Although we do have full-blown SELinux, there are also other readily-available technologies such as AppArmor that use the same underlying technologies but which offer a considerably simpler interface.
Um, yes, I'm sure I can decrease the privileges of my user, and am probably in too many groups for various reasons.
I will look up that thread, although building from source code isn't scary once you have done LFS
One simple trick is: "your userS!"
On my machines, I have one user for "system maintenance," another for "application maintenance other-than-system," a third for "farting around on LQ" , yet another when I have to be (or, to satisfy ...) "the accountant," and others (one-or-more each ...) for various client projects. (Some of these own VirtualBox virtual-machines, and all of the files relating to them.)
You get the idea: "many hats."
So, the operating system's principal job is to keep each of these various identities separate. Only one of them has "elevated system privileges." (The "application maintenance" user is special only in that it belongs to groups that no one else does.) The permissions of my various "home" directories do not allow other users to peer inside at all.
"So you wear many different hats, and each 'hat' has its own private office." And the door to each one is ordinarily locked, even though I of course possess all of the keys. (Nope: every password is different, and nonsensical, and still gets changed regularly.)
Yes, during the course of any workday, I switch between user-ids (and have multiple sessions open) quite routinely.

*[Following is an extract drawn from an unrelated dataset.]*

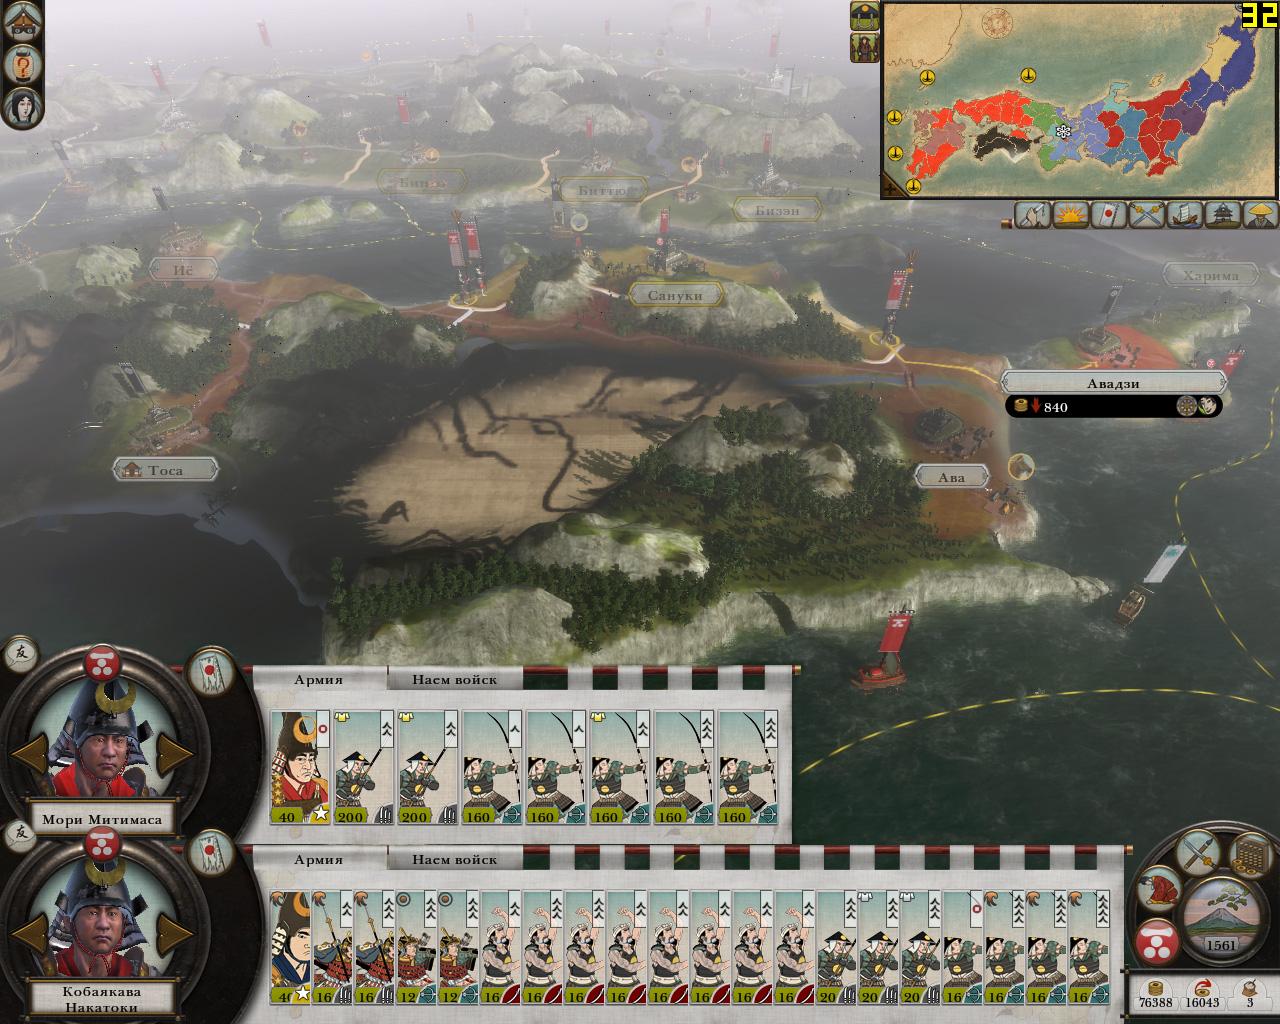 Shogun 2 Total war patch 23 24 Patch

In this way, the computer helps to protect each persona, not only from deliberate malice, but also from (well ...) my own occasional stupidity "oopsie!"
The "principle of least privilege" is further extended to a "principle of least access." When I am doing work for Client-X, it is of course critical that the environment should "see only what Client-X's computers would see," and that the affairs of no other Client should be at-all visible, let alone touchable. This is quite-easily done.

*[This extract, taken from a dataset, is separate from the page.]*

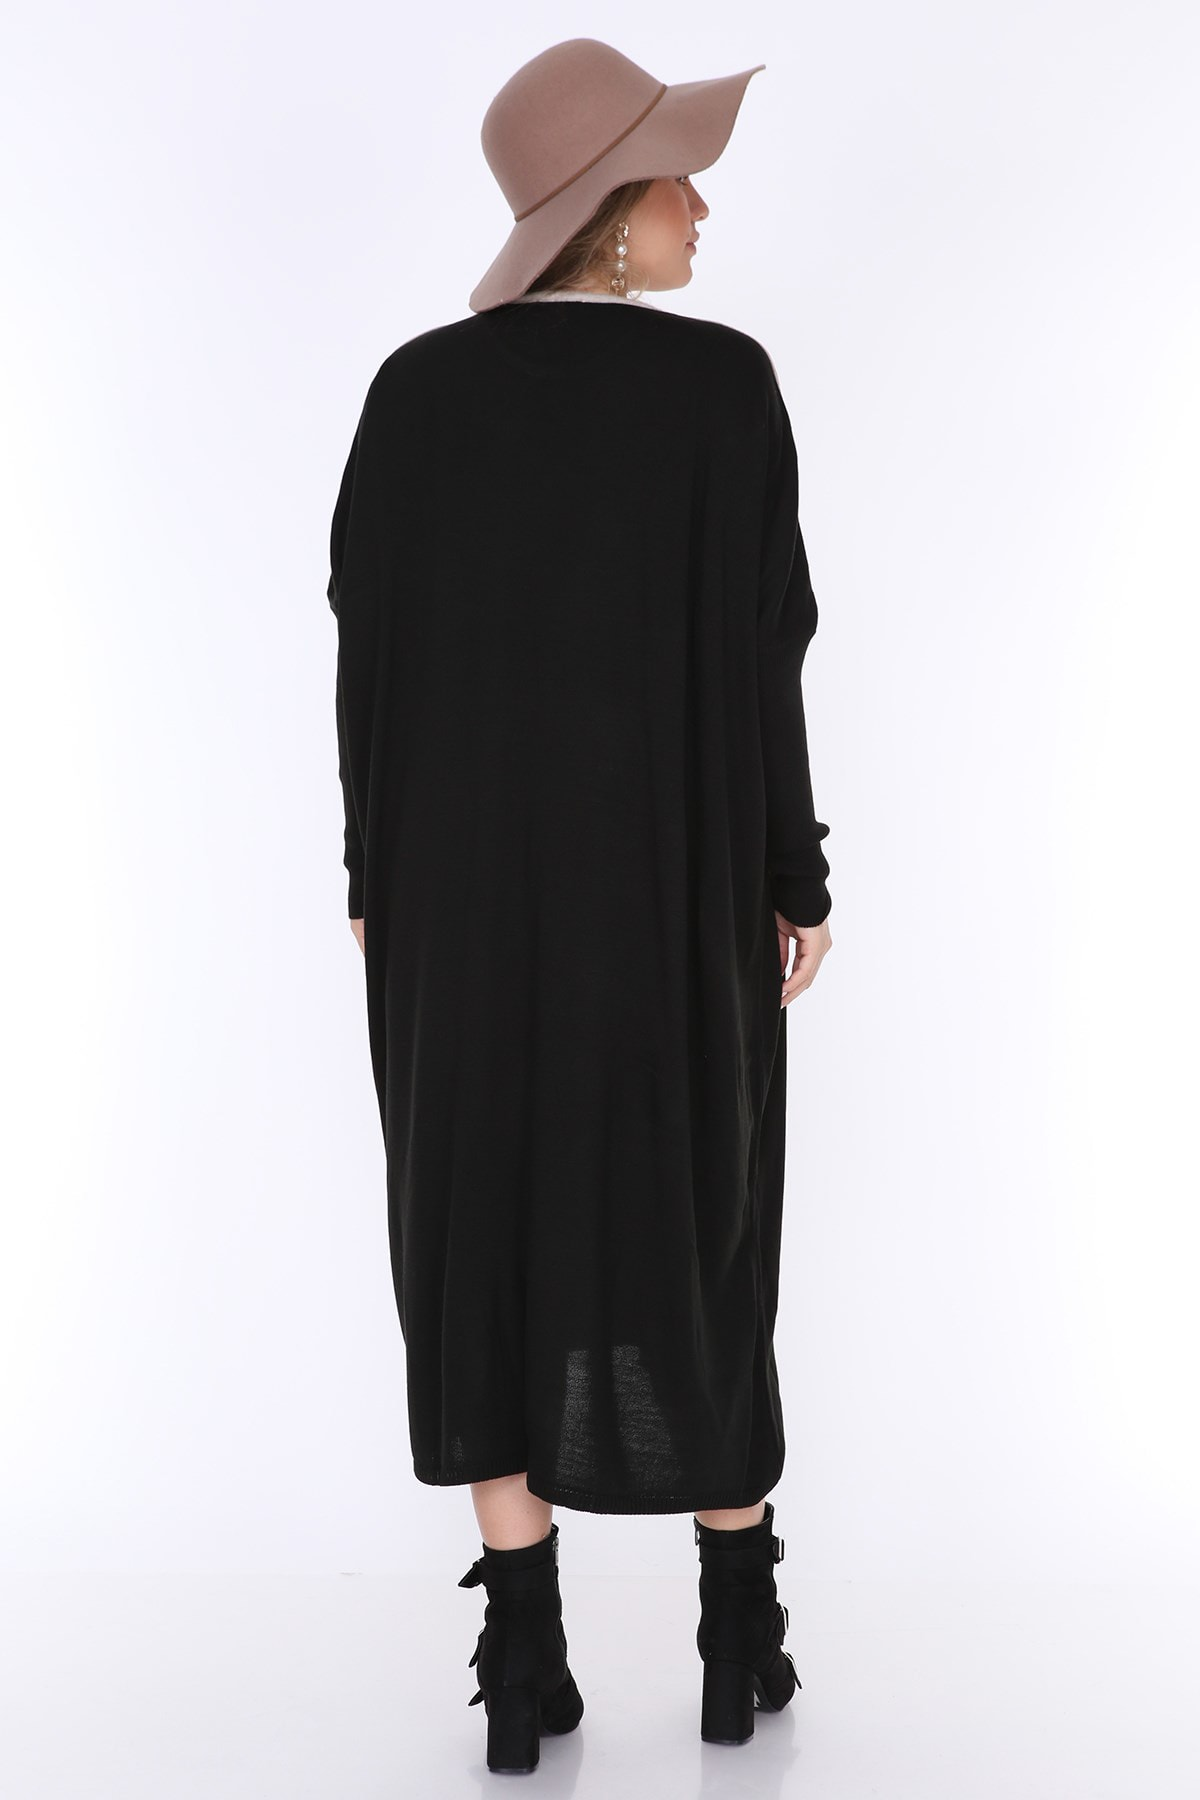 MJORA Kadın Siyah Önü V Triko Tunik ÇRG011 2

(After all, these systems started out ... in principle, at least ... in University timesharing systems peopled by "very bright students.")
Last edited by sundialsvcs; 11-03-2016 at 09:22 PM.

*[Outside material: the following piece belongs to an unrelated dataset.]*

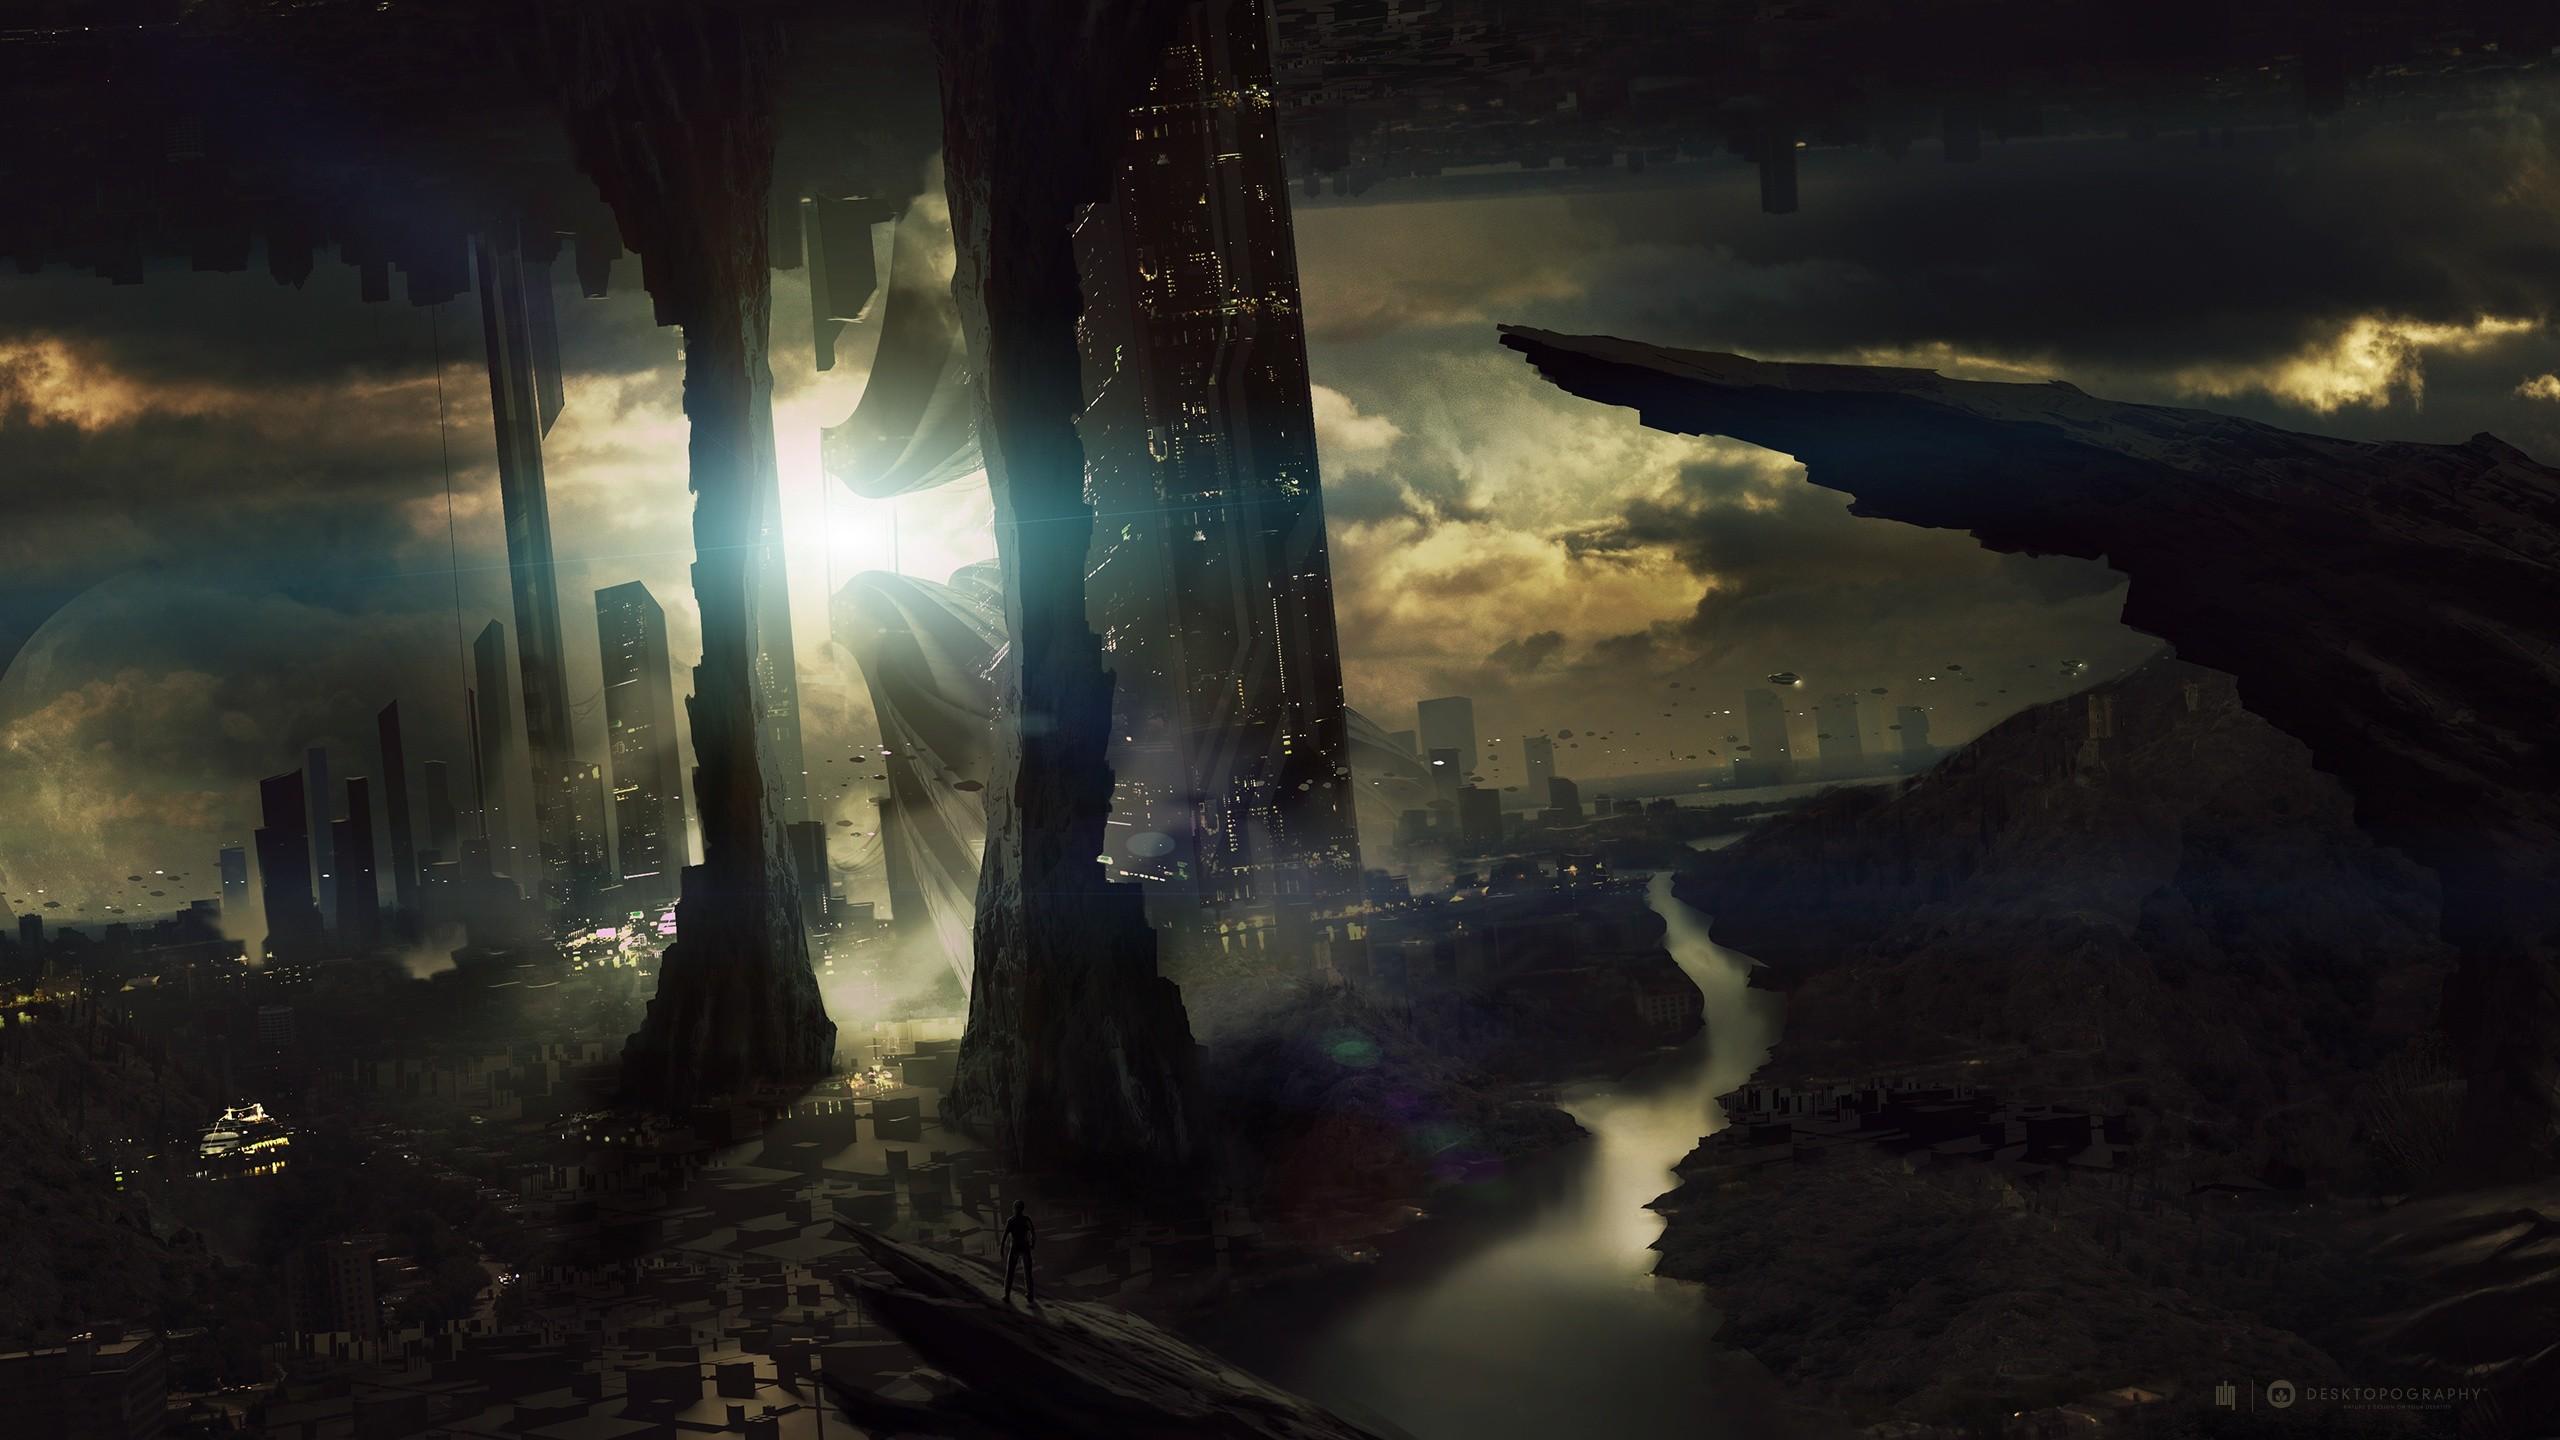 Explore Sci Fi Wallpaper, City Wallpaper, and more!

Marking this solved because I have enough advice to keep me busy for the foreseeable.
Many thanks to all wishing me a speedy recovery. My stroke was, I believe, a direct consequence of diert (red meat, cheese & other fats/oils) and 50 years on pretty poisonous epilepsy medication. The medication allowed me to feed a family; these are the choices you make.
Here's output from the machine in question:
Code:
bash-4.3$ groups
users root bin lp floppy audio video cdrom plugdev power scanner
I'm not sure I need to be in root's group - I forget what that was for. But I'm not in wheel. I hardly need scanner either - there isn't one! I'm in bin to humour some old utility I installed, which I forget now.
I take the point about userS. Some kind soul rejigged slackware to be (different) user-per-application and posted a link on this site, but those things never stay up to date. The trouble with users is that if you have more than one thing interacting you complicate life immensely under X; Fine, indeed nearly compulsory for a run level 3 based server stuff but awkward when you want an X based browser, printer, LibreOffice, Adobe Acrobat, gimp, & usb storage to interact with each other.
OTOH, what the hardened distros offer(ed) was Pax, GRSecurity, & SELinux. Pax & GRSecurity were not always up to date and protect the kernel; SELinux I always viewed as access control = tie your hands behind your back in case you are tempted to play with yourself :-).
The attack vector coming at me is unwelcome internet traffic which can target pale moon (updated today) and one or two other programs. Pax & GRSecurity are attempts to stop a program whose security is breached from giving mastery of the system to the hacker. Worthy endeavours, one would think, but no distribution bothers. My user can write to ~/, and external storage, but not anything system related. Nothing goes online as root.
I will inform myself some more, stay with Slackware for the moment, and take advice from this thread to improve housekeeping. I will post afresh if I run into major issues.
Last edited by business_kid; 11-04-2016 at 04:09 PM.